Start of DATA EXTRACT
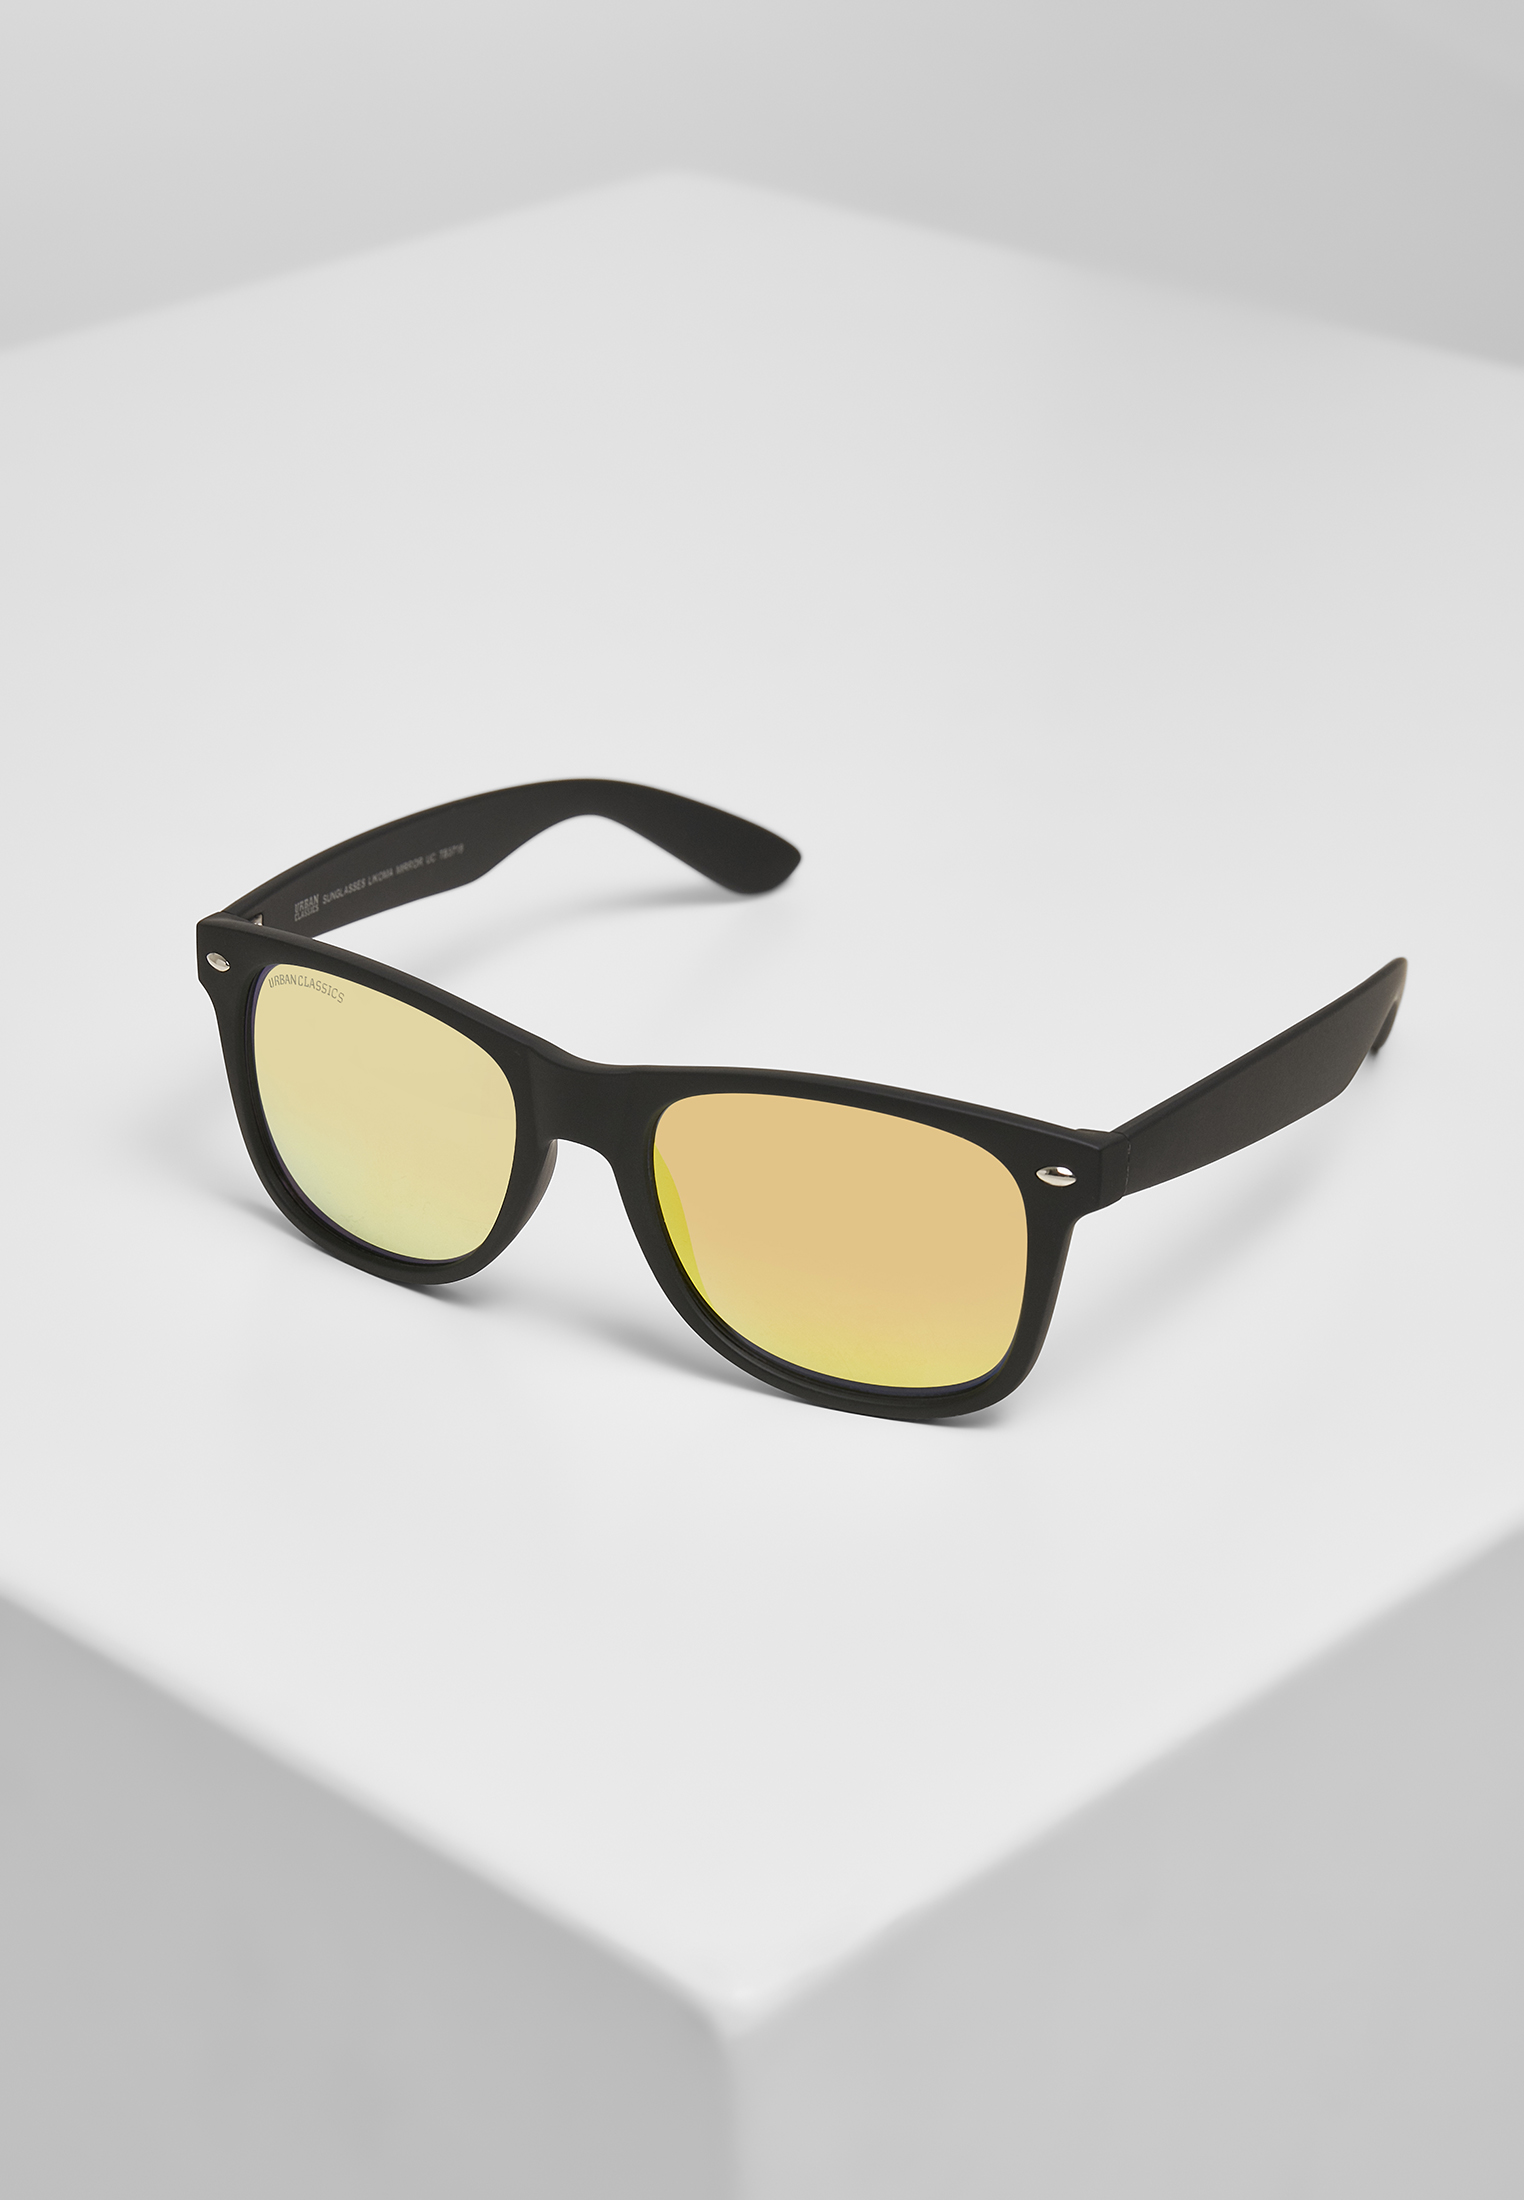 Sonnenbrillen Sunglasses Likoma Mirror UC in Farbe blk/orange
End of DATA EXTRACT
Start of DATA EXTRACT
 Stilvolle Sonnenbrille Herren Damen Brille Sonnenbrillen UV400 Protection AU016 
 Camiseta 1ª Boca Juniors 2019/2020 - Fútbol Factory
End of DATA EXTRACT
Start of DATA EXTRACT
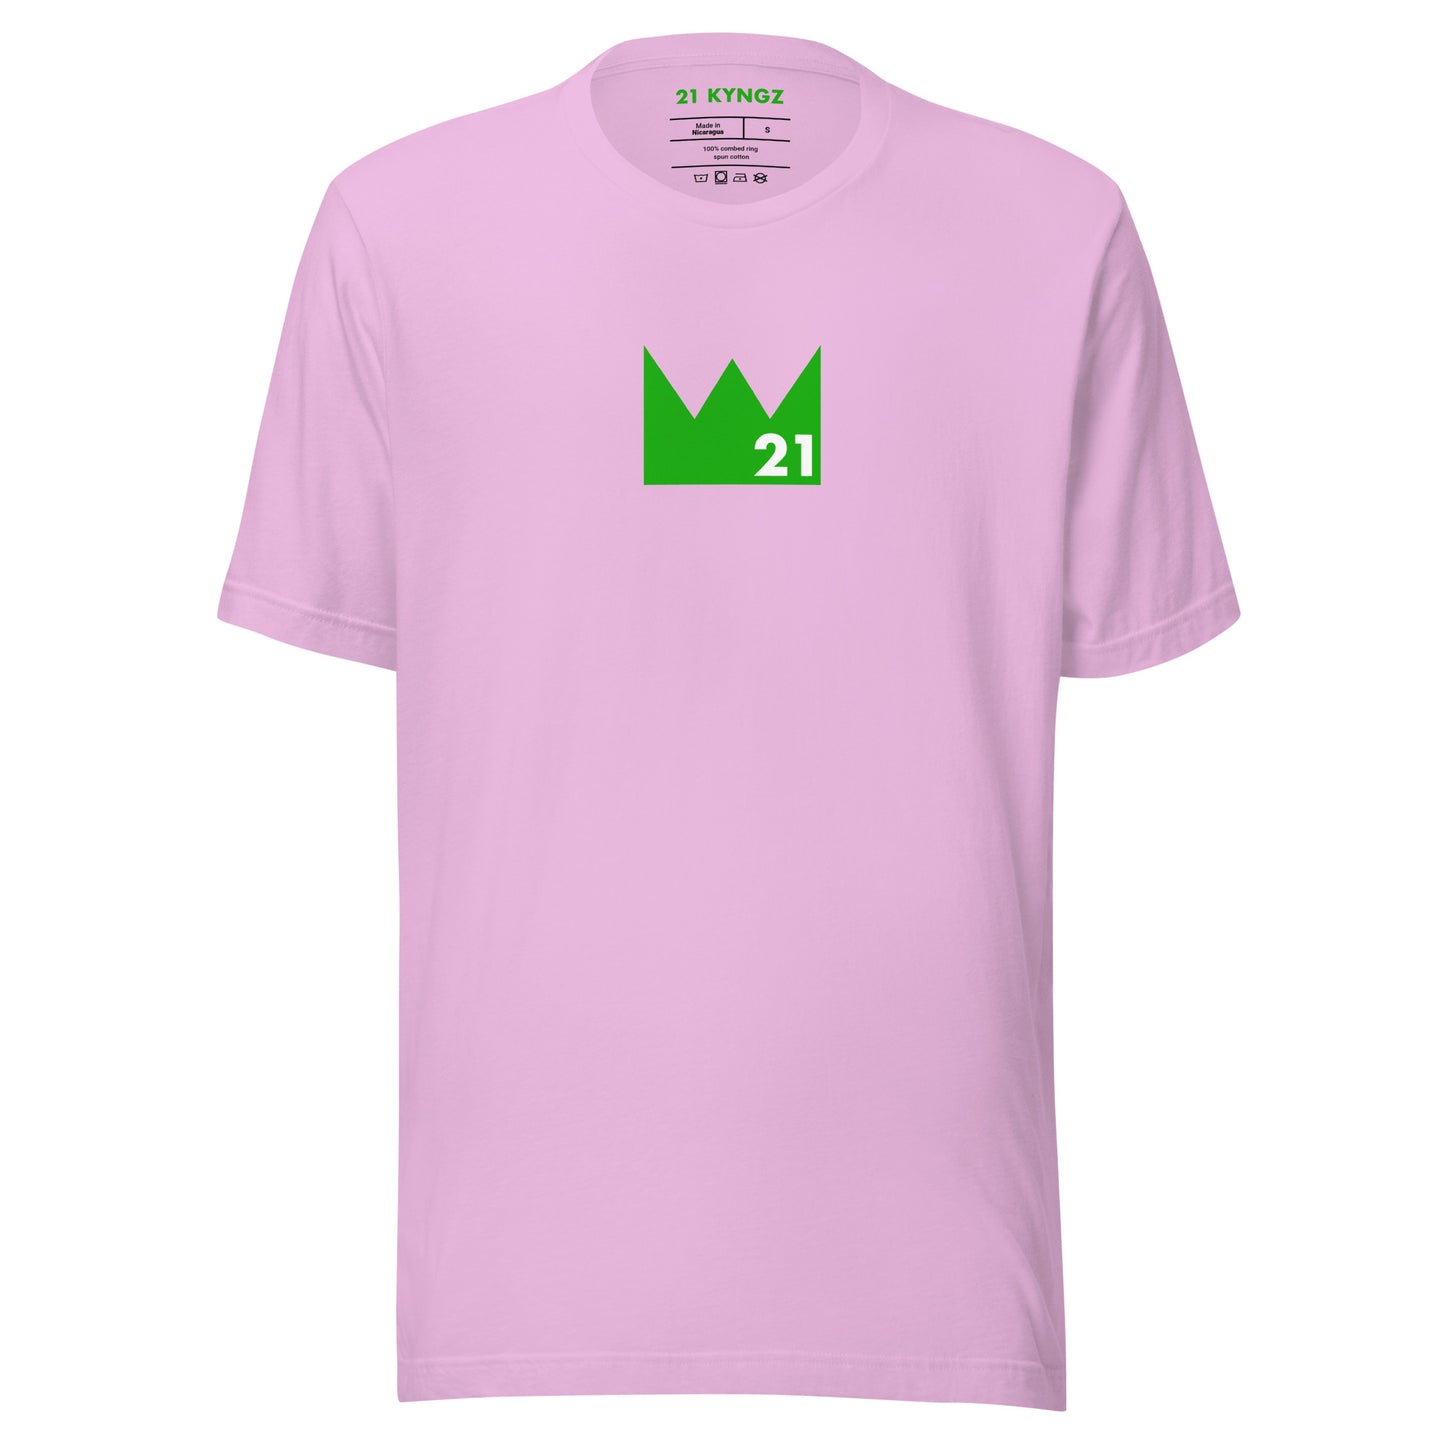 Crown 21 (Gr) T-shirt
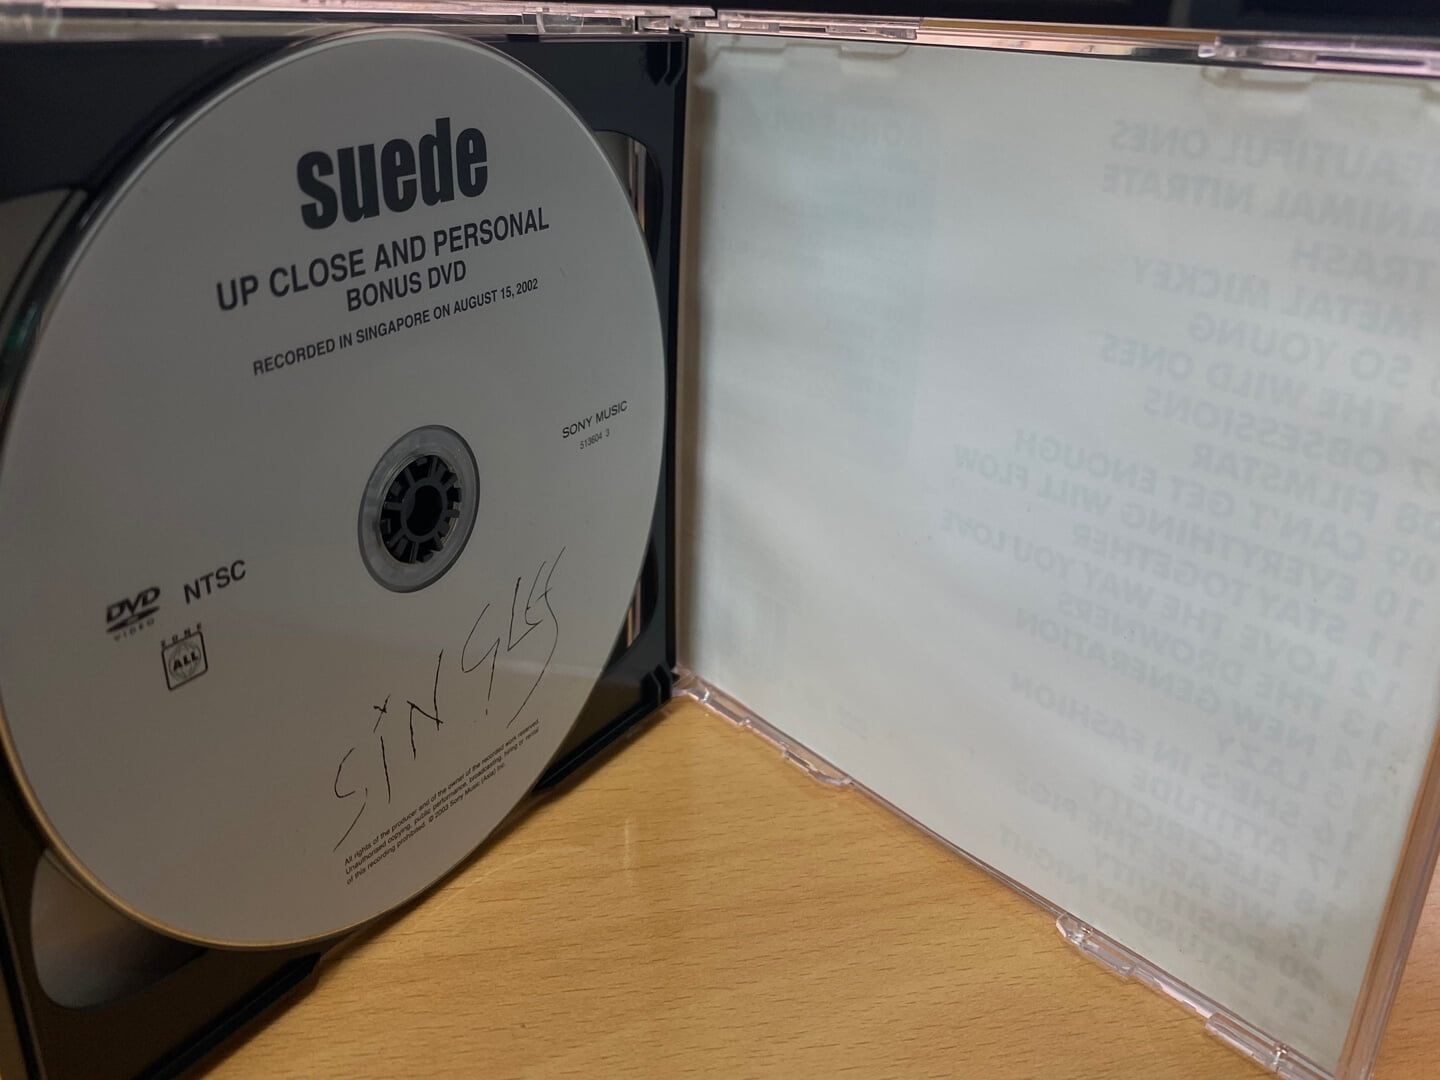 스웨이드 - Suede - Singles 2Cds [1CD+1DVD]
End of DATA EXTRACT
*TASK DESCRIPTION*.
From the records above, give again only the part that opens with the line containing "Crown 21 (Gr) T-shirt" and closes with the line containing "스웨이드 - Suede - Singles 2Cds [1CD+1DVD]". Keep both ends but drop the pictures.

*EXERCISE SOLUTION*.
 Crown 21 (Gr) T-shirt
 스웨이드 - Suede - Singles 2Cds [1CD+1DVD]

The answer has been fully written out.